With the gradual development of science and technology, the application of the airplane is more and more extensive, in order to ensure the normal operation of the airplane, the airplane is provided with a plurality of airborne devices, each airborne device comprises a plurality of airborne devices, and the test of the airborne devices can be related in the research and development or pre-research process of the airborne devices.

Currently, in order to test each onboard device, different test equipment is provided for each onboard device. Each airborne equipment is connected into the testing equipment in a mode that a connector of the airborne equipment is matched with a connector of the testing equipment, and then the testing equipment is connected into the terminal to test the airborne equipment.
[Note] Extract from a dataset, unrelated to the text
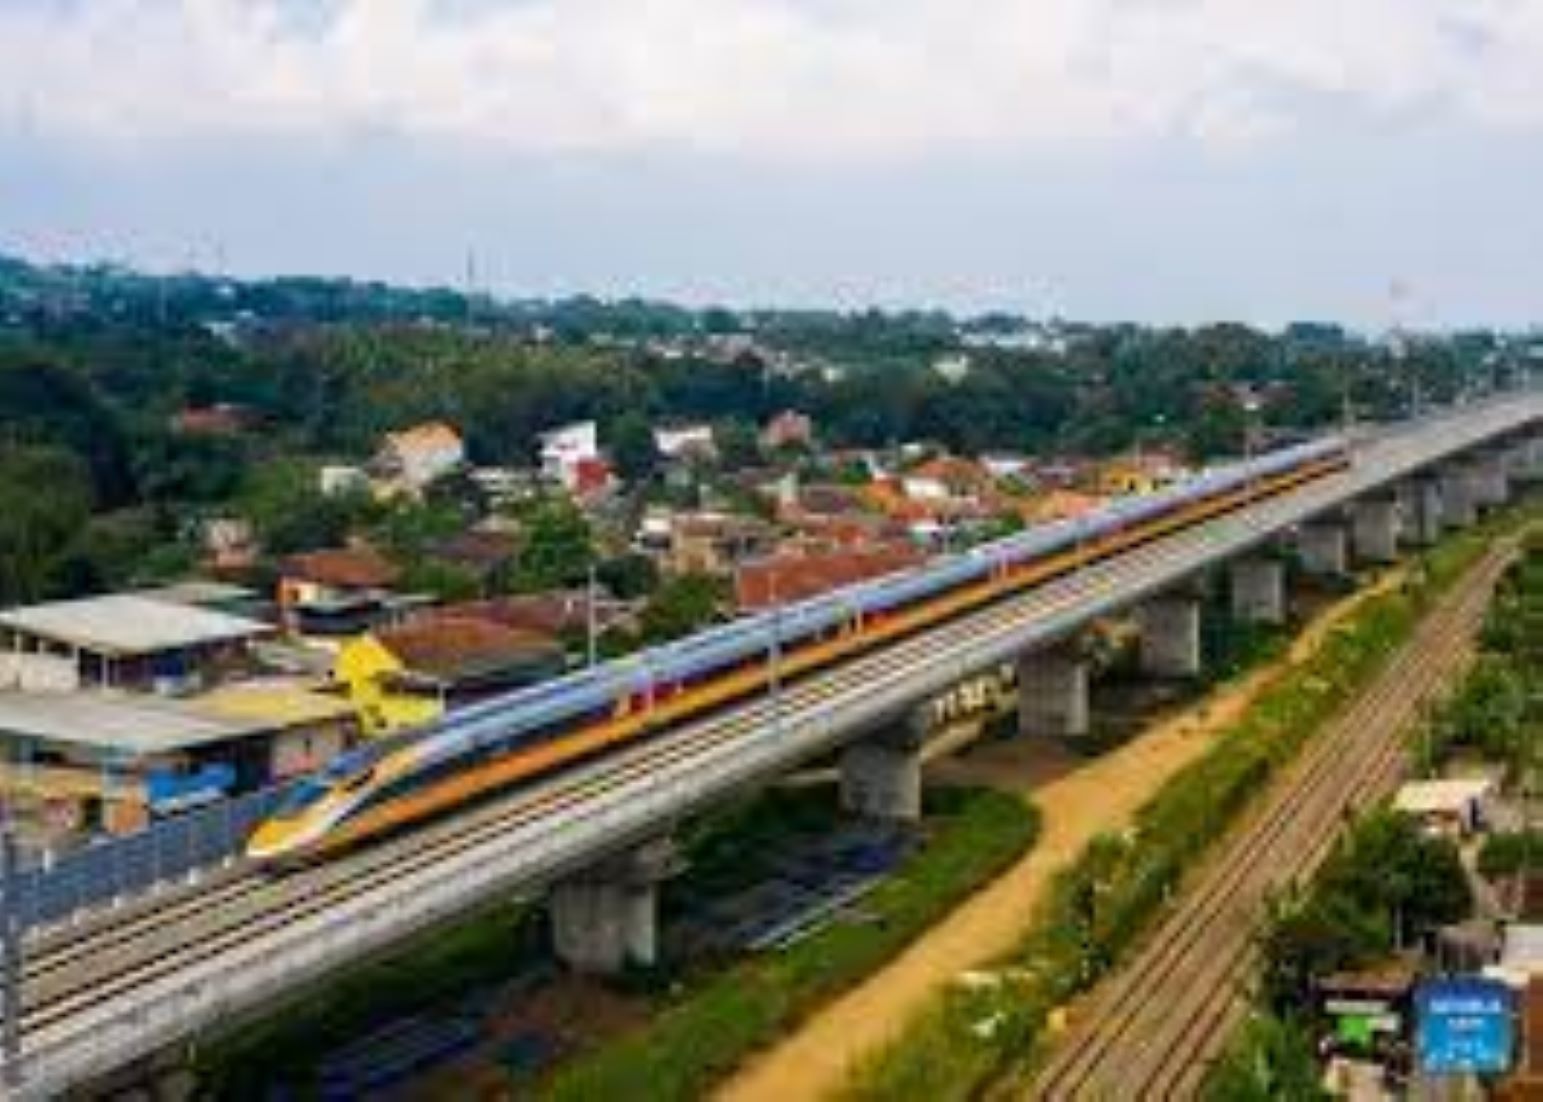 Joint Commissioning, Testing Of Jakarta-Bandung High-Speed Railway Starts

Because the functions that each airborne device needs to verify are different, the female head model of the connector in each airborne device may also be different, that is, the shape of the female head and the function of each pin in the female head are different, so the male head model of the corresponding testing device is also different. In order to fully verify the functions of the airborne equipment, matched test equipment needs to be developed for each airborne equipment, and a large amount of manpower and material resources are wasted.
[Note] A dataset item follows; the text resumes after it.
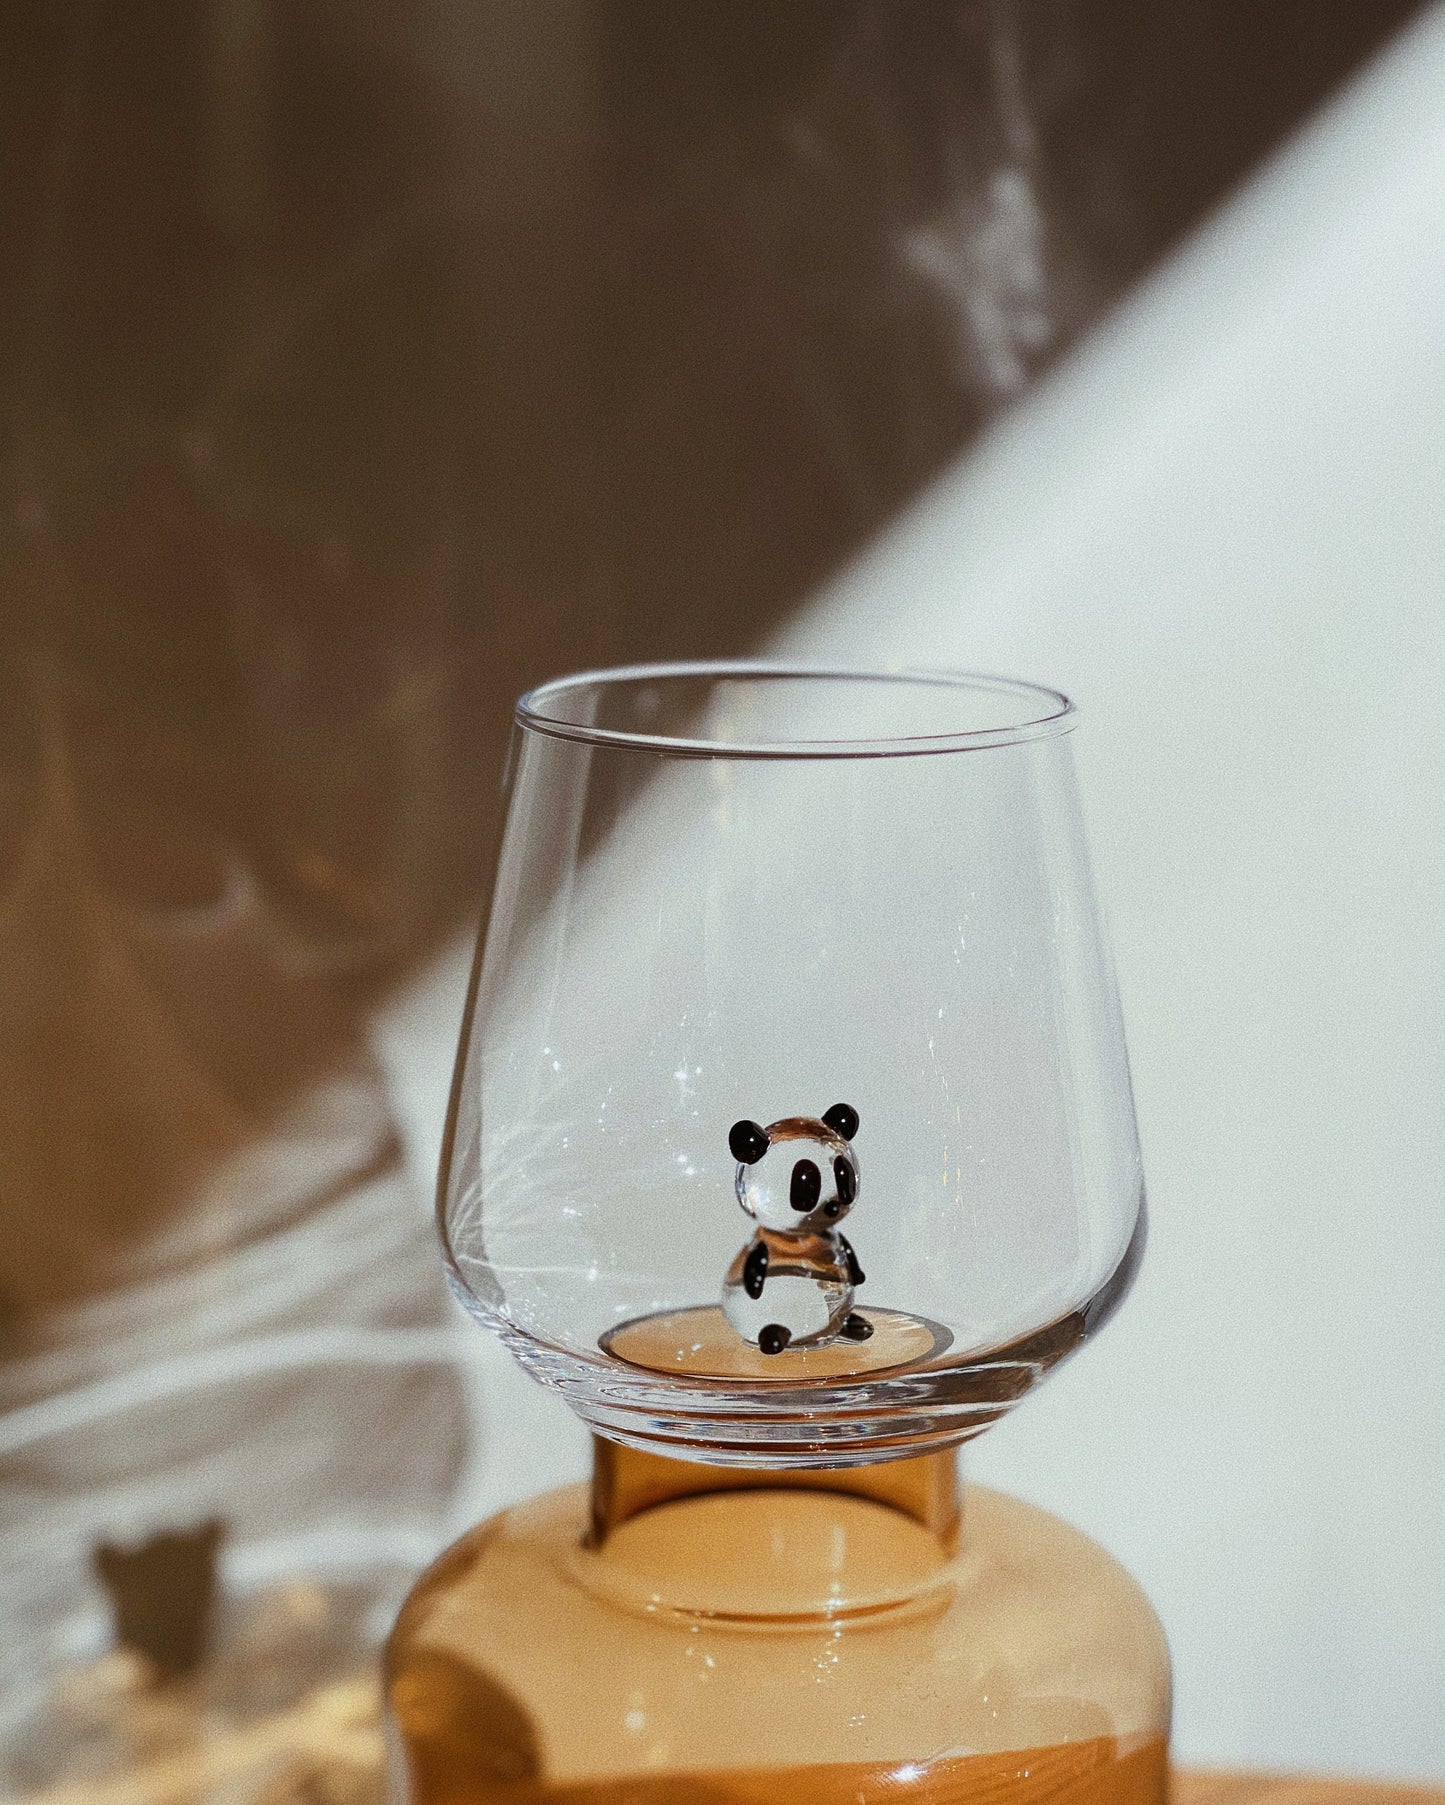 Cute animal shaped handmade drinking glasses - Japan Today

SUMMERY OF THE UTILITY MODEL

In view of the above, the present application provides a tooling structure that overcomes or at least partially solves the above-mentioned problems.

In one aspect, the application provides a tooling structure, which comprises at least one circuit board, wherein the at least one circuit board is used for loading integrated circuits for testing a plurality of similar electronic devices, and is provided with mounting areas with the same number as the similar electronic devices, and the mounting areas are respectively provided with first connectors. The first connector is connected to the integrated circuit through a bus. The models of the first connectors are matched with the models of the second connectors of the electronic equipment one by one, and when one of the first connectors is connected to the second connector, the integrated circuit is used for testing the electronic equipment. The shell is provided with an accommodating cavity with an opening, the opening corresponds to the first connector one by one, the accommodating cavity is used for accommodating the circuit board, and the first connector is exposed out of the opening. And the bottom plate covers the accommodating cavity and is fixed on the shell.

In the technical scheme of this application embodiment, because the circuit board loads the integrated circuit who is used for testing a plurality of electronic equipment of the same kind, and be equipped with the installing zone the same with electronic equipment of the same kind's number, first connector is installed respectively to the installing zone, first connector passes through bus connection in integrated circuit, the model of first connector matches the model of electronic equipment's second connector one by one, when one of them first connector is connected in the second connector, integrated circuit is used for testing electronic equipment, so can realize the test to a plurality of electronic equipment of the same kind through a circuit board, the circuit board holding is in the space that casing and bottom plate are injectd, protect circuit board and each device on the circuit board. Therefore, the tool structure has better compatibility, the cost of designing different tool structures for different electronic devices can be greatly reduced, and manpower and material resources can be saved.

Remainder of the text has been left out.